— Data provided —
'''

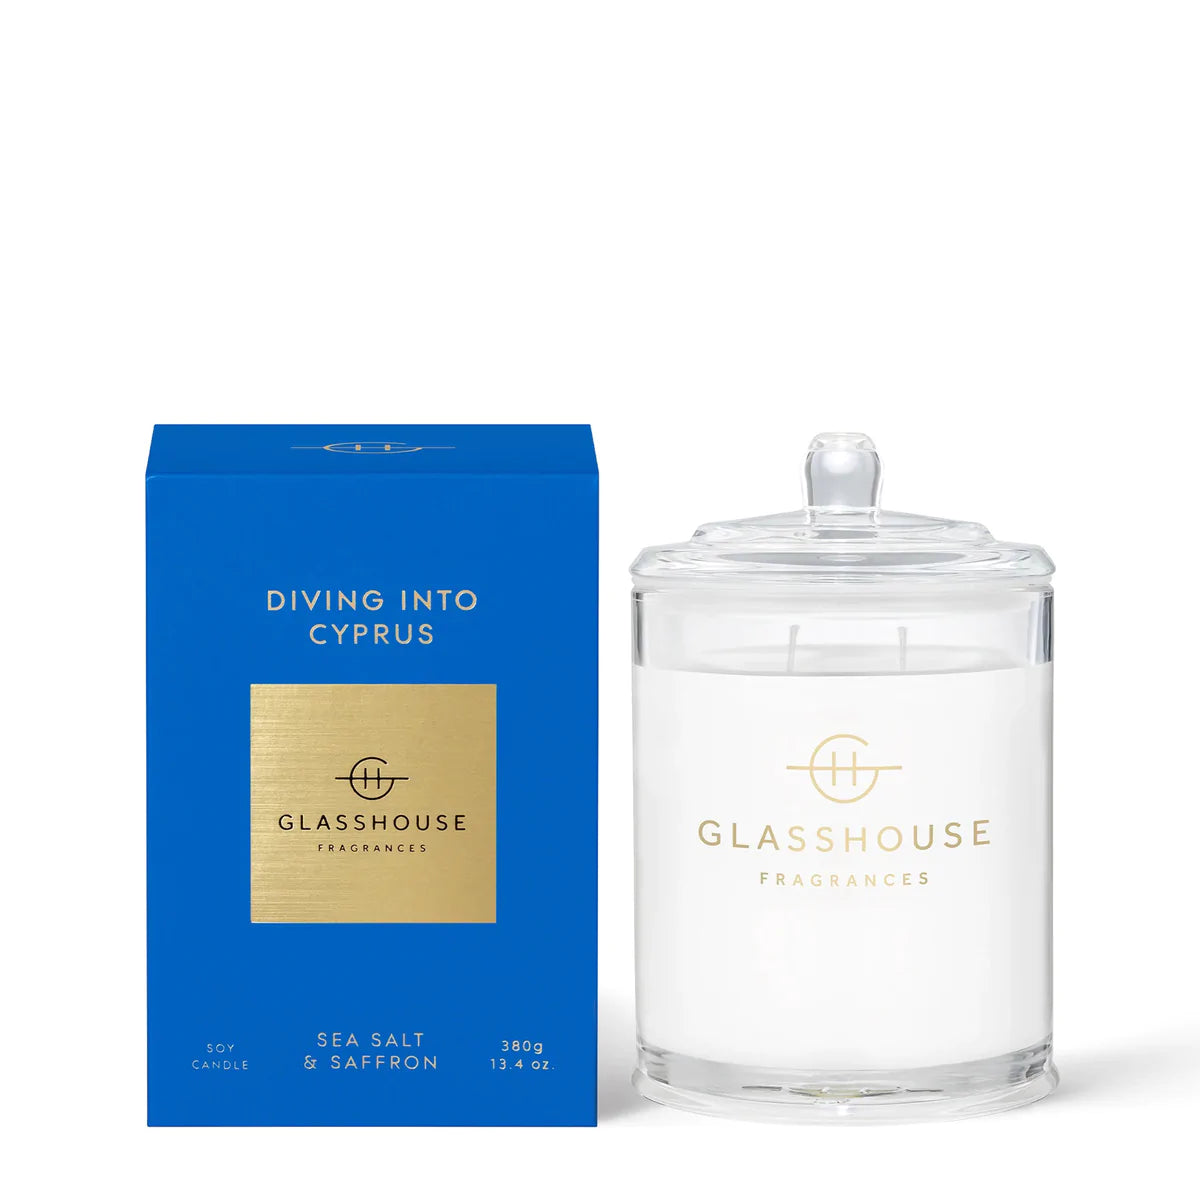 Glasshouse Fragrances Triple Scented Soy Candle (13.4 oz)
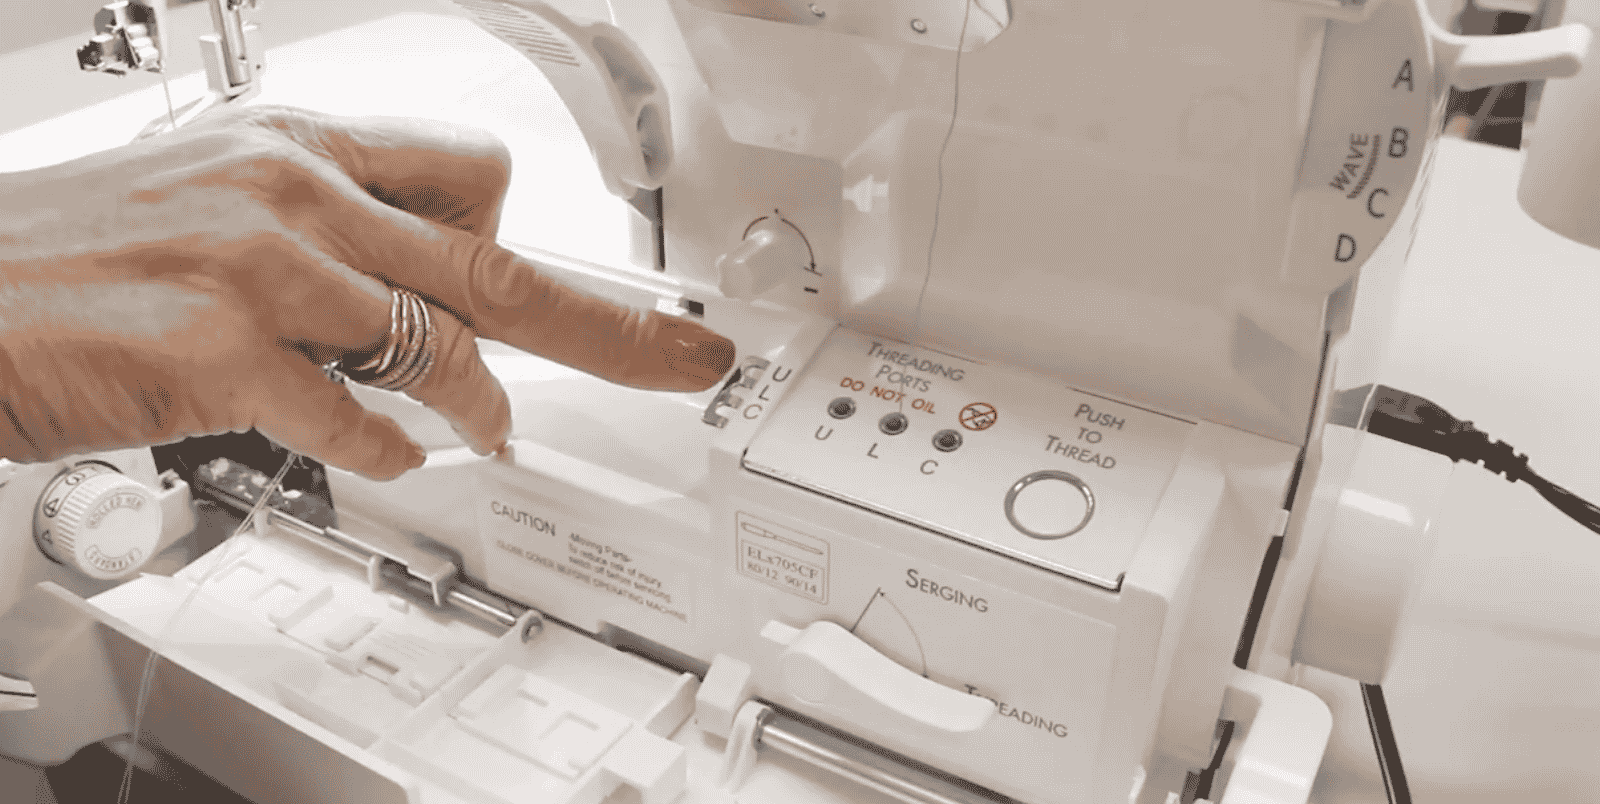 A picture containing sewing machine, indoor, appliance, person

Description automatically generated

'''

— Assigned task —
The answer must consist solely of the lines from the line containing "A picture containing" to the end of the data, reproduced exactly, with every picture left out.

— Your response —
 A picture containing sewing machine, indoor, appliance, person

Description automatically generated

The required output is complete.